Which, as the snow cleared from my facial cavities and my vision decided that one of everyone was quite enough, helped me to fill in the gaps. An Asian girl – who, incidentally, was the only person in Snow Planet on Saturday with less ability than me – decided to hop off the ski lift and fall over in such a way that necessitated me making a seriously evasive manoeuvre to stop my board and her teeth entering into a brief and terrible union. Given that turning to my favoured right side would have slammed me face-first into the next person being dragged up the hill by their testicles (seriously, who thought those lifts were a good idea?), I had no choice by to attempt an emergency left. Needless to say this came with predictable results and a split second later I was employing my favoured braking technique.

But instead of coming to a gradual halt with a sinus-load of snow, I was carrying enough momentum to perform a rather inartistic and completely unintentional barrel roll which resulted in me landing board-side down and continuing my tentative slide down the hill.

I was also suddenly cool.

There are some things in this world of ours that are born with cool bestowed upon them, I’m thinking of Samuel L Jackson in particular, others work hard and achieve coolness and then there is a third category – my category – of those who by complete accident manage to be in the right place at the right time and become cool using nothing more than dumb luck.

And this puts me in the esteemed company of the Nissan Juke.

The Juke – despite having a face that only a mother could love and even then only if she had particularly severe cataracts – is a fairly unremarkable little soft roader. Yes, it’s got some funky styling, but I can’t imagine the design is one that time will be particularly kind to and it doesn’t deliver the kind of performance either on or off the black stuff that would make for exciting reading any time after 1987.

....and on the drive home. At night.

But just as it took a fall to propel me into the heady realm of ‘cool’, so the Juke is likewise elevated. Although in its case, we’re talking about nightfall.

Despite the fact that the arrangement of headlights might lead a casual observer to think that the Nissan design team sought consultancy services from the ghost of Picasso, at night it brings the car into its own. With fog lights engaged, the three-tiered layout is like nothing else on the road and when one appeared in my rear view mirror on Saturday night I was utterly convinced that a late model Peugeot 207 was trying to mate with a MkII Golf GTi.

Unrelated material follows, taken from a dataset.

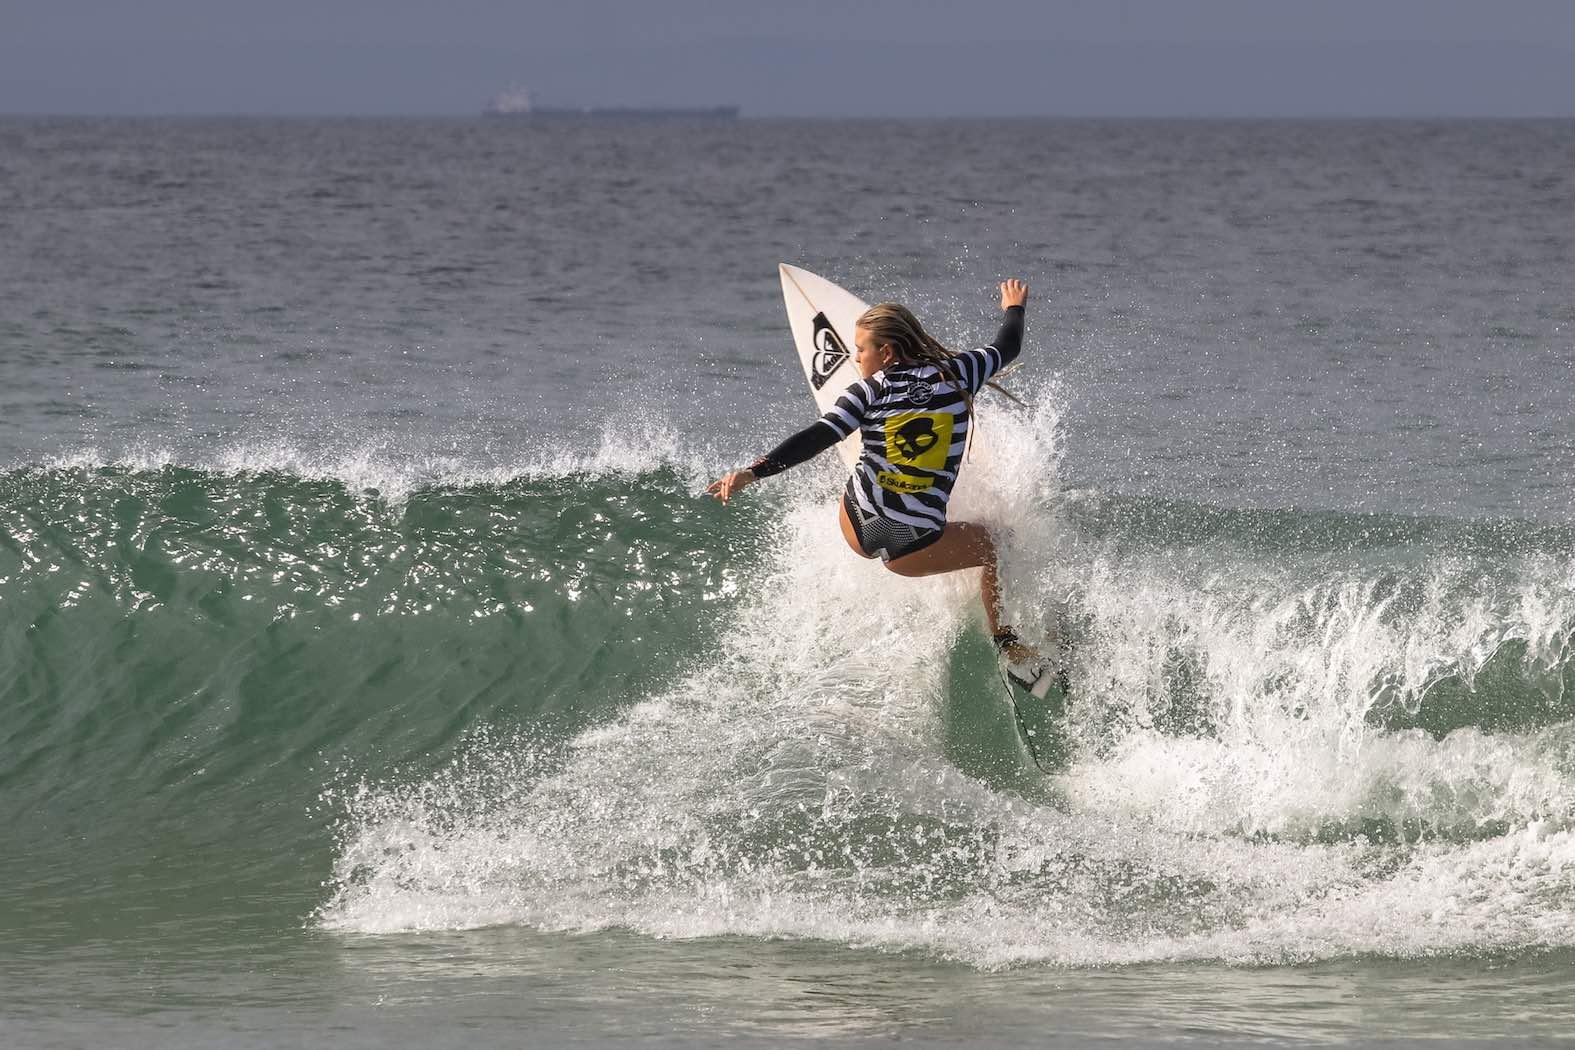 Sophie Bell surfing in the Volkswagen Nelson Mandela Bay Surf Pro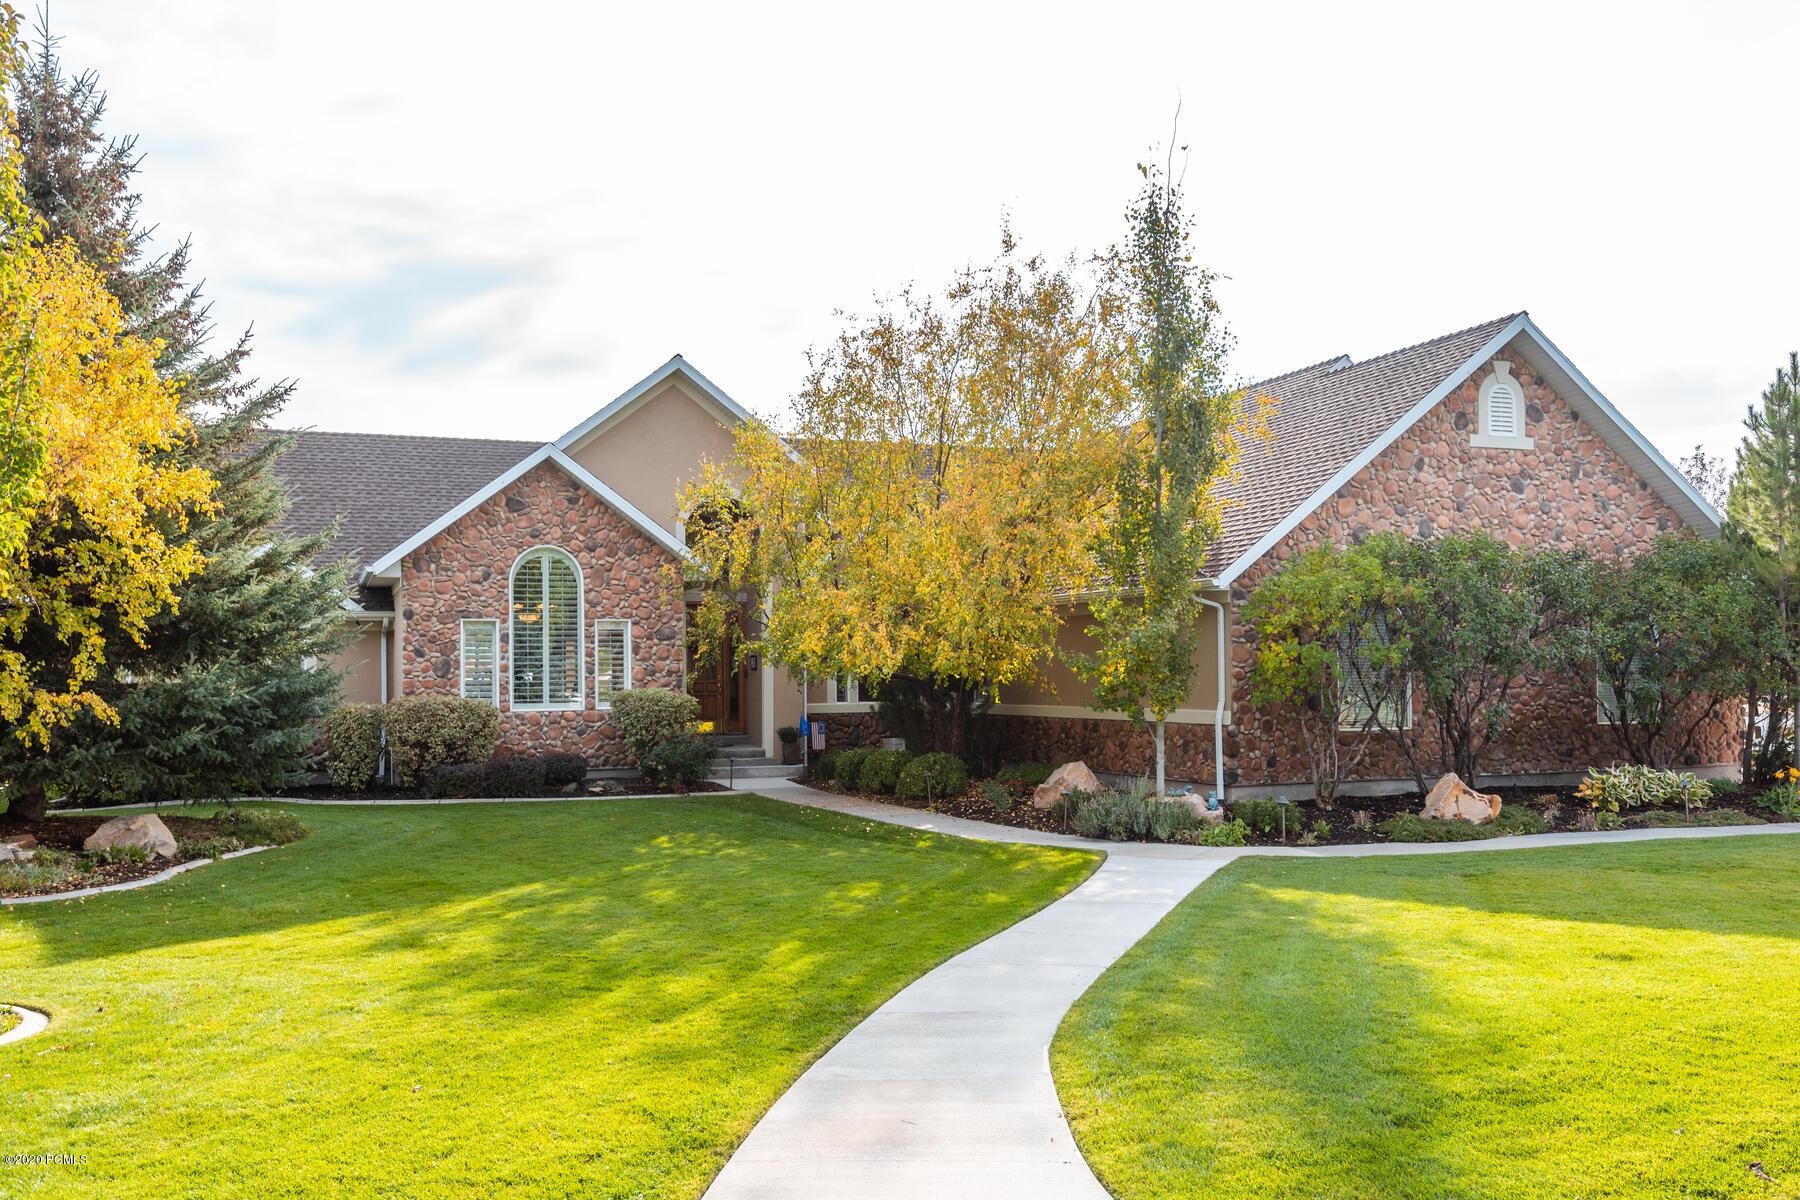 900 440 E Martha Lane, Midway, Utah 84049, 6 Bedrooms Bedrooms, ,5 BathroomsBathrooms,Single Family,For Sale,440 E Martha,12003827

There is nothing that anyone at Nissan could ever say to convince me that this is anything other than a happy accident – no-one in their right mind would design a car so aesthetically challenging just so it would be interesting at night. However, accident or not it has to be acknowledged that the Juke’s lighting is utterly quirky, quite unlike anything else on the road and as a result, really rather cool. But just like my snow battered face, probably best avoided in the daylight.